The work is placed in a new field of research called Web Science, which includes, but is not restricted to, the analysis of the World Wide Web. The term Web Science is affected by Tim Berners-Lee et al., who invited the researchers to "create a science of the web" [BLHH+06a]. The thesis is structured in two parts, reflecting the intersection of disciplines that is required for Web Science.
The first part is related to computer science and information systems. This part defines the Gugubarra concepts and algorithms for web user profiling and builds upon the results by Mushtaq et al. [MWTZ04]. This profiling aims at understanding the behavior and supposed interests of users. Based on these concepts, a framework was implemented to support the needs of web site owners. The core technologies used are Java, Spring, Hibernate, and content management systems. The design principles, architecture, implementation, and tests of the prototype are reported.
The second part is directly related to behavioral economics and is connected to the areas of economics, mathematics, and psychology.

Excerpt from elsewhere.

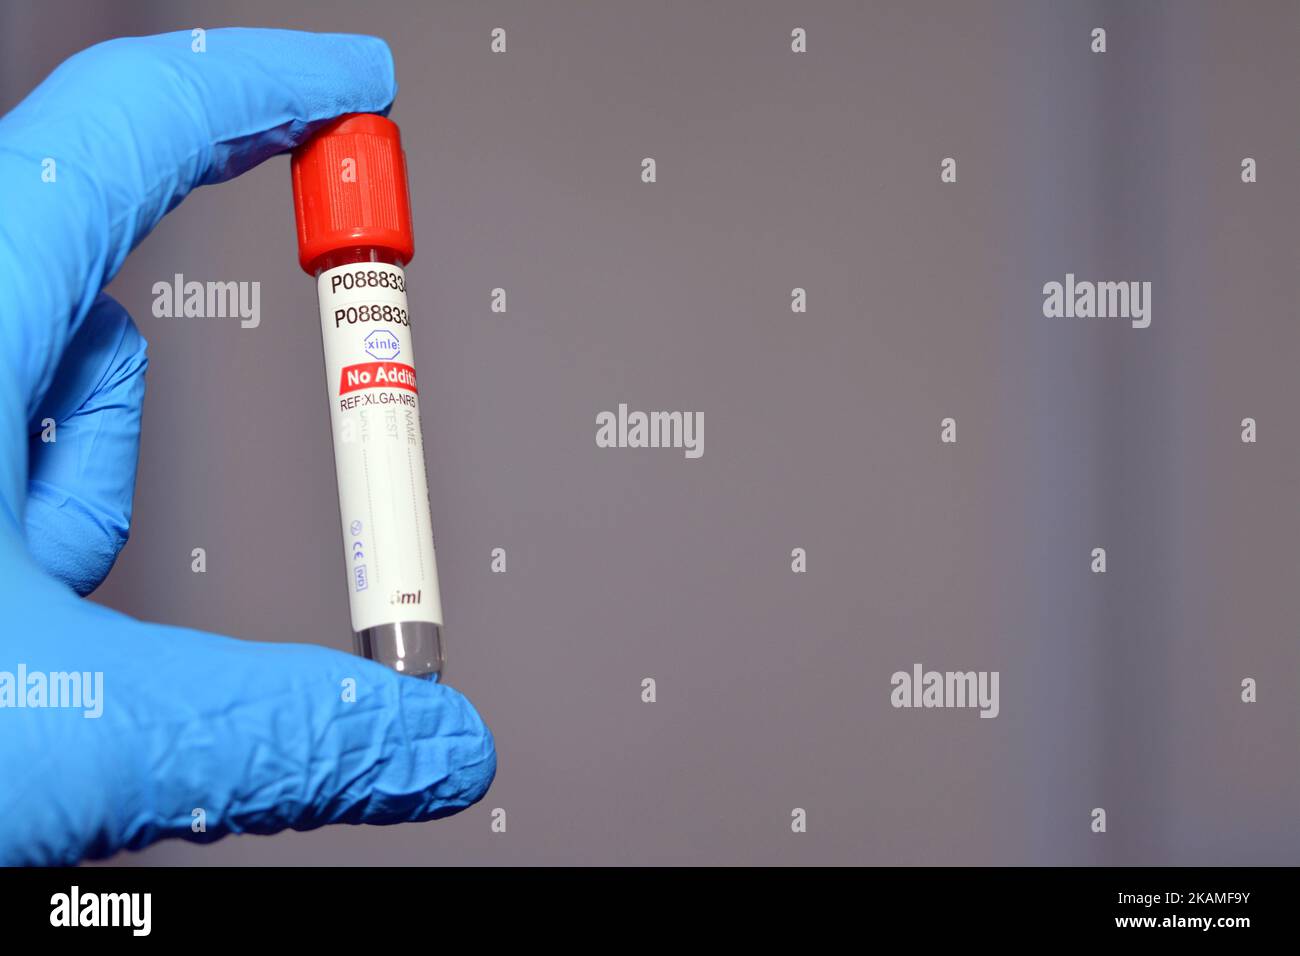 Cairo, Egypt, October 22 2022: Blood collection tube for collecting blood samples for laboratory analysis tests like CBC complete blood count, ESR, CR Stock Photo

This part contributes to behavior models, as was claimed by Tim Berners-Lee et al.: "Though individual users may or may not be rational, it has long been noted that en masse people behave as utility maximisers. In that case, understanding the incentives that are available to web users should provide methods for generating models of behaviour..."[BLHH+06b]. The focus here is on studies that investigate the user's choice of online information services in a multi-attribute context. The introduced research framework takes into account background and local context effects and builds upon theoretical foundations by Tversky and Kahneman [TK86]. The findings provide useful insights to behavioral scientists and to practitioners on how to use framing strategies to alter the user's choice.